For 36 episodes, every model you built operated on features you designed. You decided what to measure, how to transform it, which interactions to create. The model's job was to learn the mapping from your features to the target. Linear regression, random forests, gradient boosting, SVMs -- all of them depend on you, the engineer, to craft the right representation of the data. We spent an entire episode on feature engineering (#15) because in the classical ML world, your features make or break the model. The algorithm is secondary.
Neural networks flip this completely. Given enough data and the right architecture, they learn their own features directly from raw input. Feed a neural network raw pixels and it discovers edges, textures, shapes, and objects -- without you ever defining what an "edge" is. Feed it raw text and it learns syntax, semantics, and reasoning patterns. This ability to learn representations is what makes deep learning fundamentally different from classical ML, and it's the reason we just spent 36 episodes building the foundation to understand it.
But to understand neural networks, we start where the field started: with a single artificial neuron, invented in 1958 by a man named Frank Rosenblatt at Cornell. It's beautifully simple, and its limitations sparked decades of research that led to everything we call "AI" today.
Here we go!
The perceptron: one artificial neuron
A perceptron takes multiple inputs, multiplies each by a weight, sums the results, adds a bias, and passes the sum through an activation function. If the output exceeds a threshold, it fires (outputs 1); otherwise it doesn't (outputs 0).
Mathematically: output = step(w1*x1 + w2*x2 + ... + wn*xn + b) where the step function returns 1 if the argument is positive, 0 otherwise.
This should look familiar. Back in episode #12, logistic regression did almost exactly this -- weighted sum plus bias, passed through sigmoid in stead of step. The perceptron is even simpler: binary output, no probabilities. It's the stripped-down ancestor of everything that came after.
import numpy as np
def perceptron(x, weights, bias):
"""Single perceptron: weighted sum + bias -> step function"""
z = np.dot(x, weights) + bias
return 1 if z > 0 else 0
# AND gate
weights = np.array([1.0, 1.0])
bias = -1.5
print("AND gate:")
for x1, x2 in [(0,0), (0,1), (1,0), (1,1)]:
result = perceptron(np.array([x1, x2]), weights, bias)
print(f" {x1} AND {x2} = {result}")
The perceptron with weights [1, 1] and bias -1.5 implements AND: the weighted sum exceeds 0 only when both inputs are 1 (sum = 1 + 1 - 1.5 = 0.5 > 0). For any other input combination, the sum stays at or below zero.

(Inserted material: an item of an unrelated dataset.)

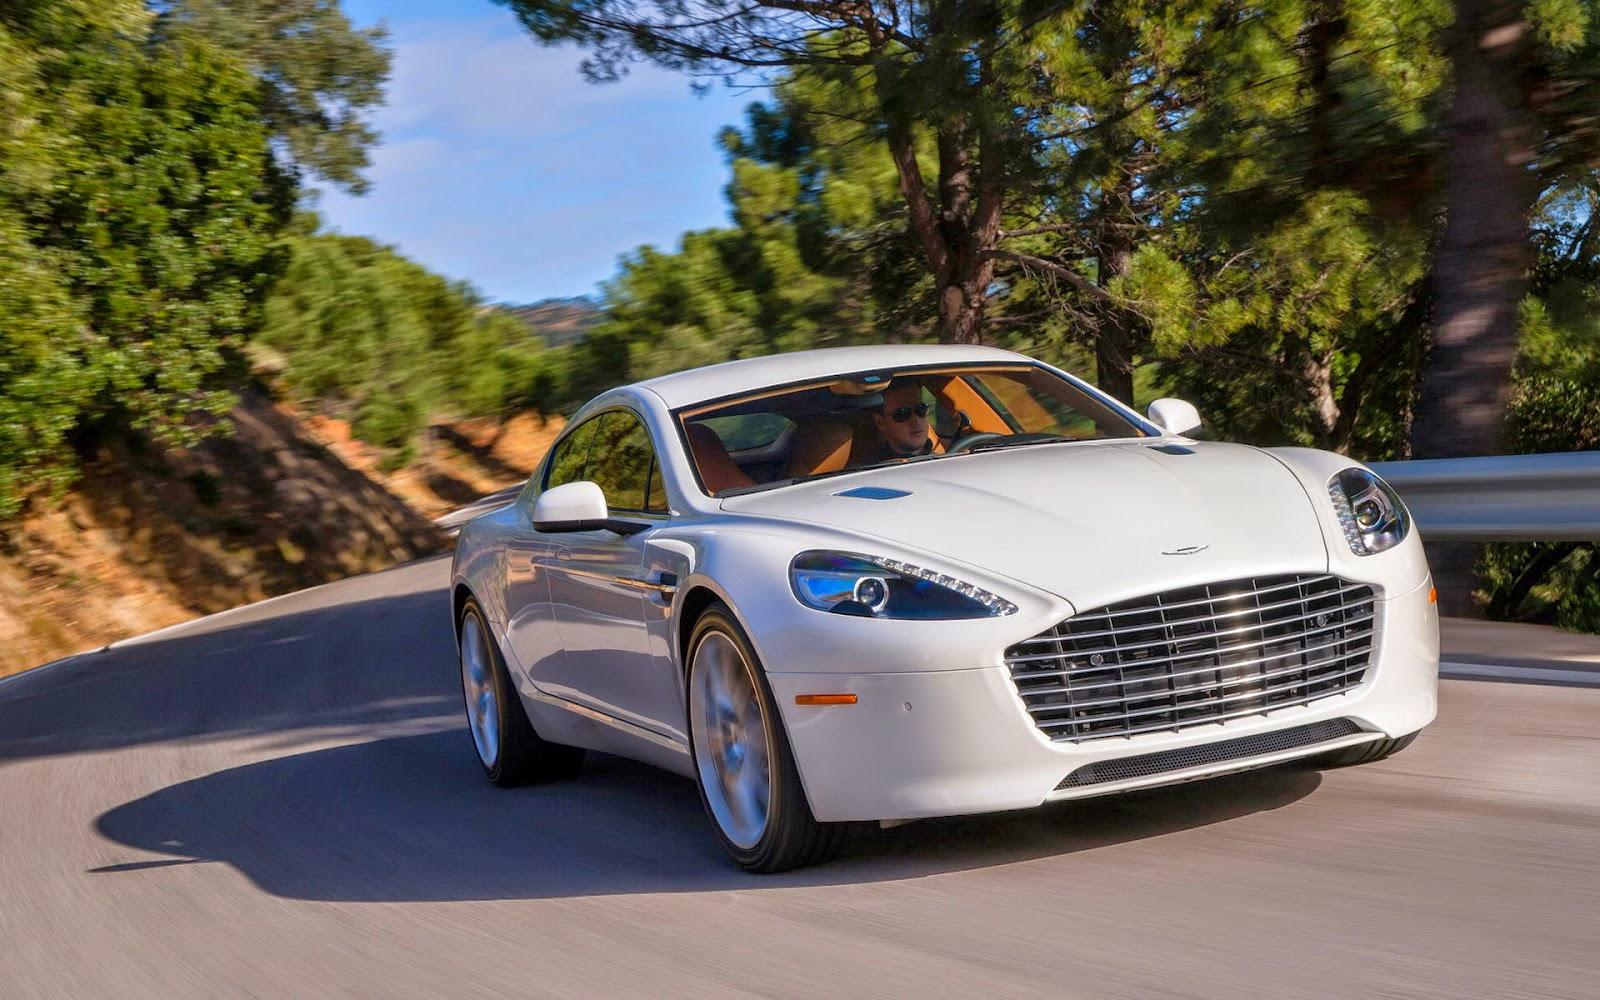 2014 sports cars under 30k

By choosing different weights and bias, you can implement other logic gates too. This is worth seeing, because it shows how the same architecture can express fundamentally different functions just by changing parameters -- which is, when you think about it, exactly what "learning" means:
# OR gate: fires when at least one input is 1
weights_or = np.array([1.0, 1.0])
bias_or = -0.5
print("\nOR gate:")
for x1, x2 in [(0,0), (0,1), (1,0), (1,1)]:
result = perceptron(np.array([x1, x2]), weights_or, bias_or)
print(f" {x1} OR {x2} = {result}")
# NOT gate: inverts a single input
weights_not = np.array([-1.0])
bias_not = 0.5
print("\nNOT gate:")
for x1 in [0, 1]:
result = perceptron(np.array([x1]), weights_not, bias_not)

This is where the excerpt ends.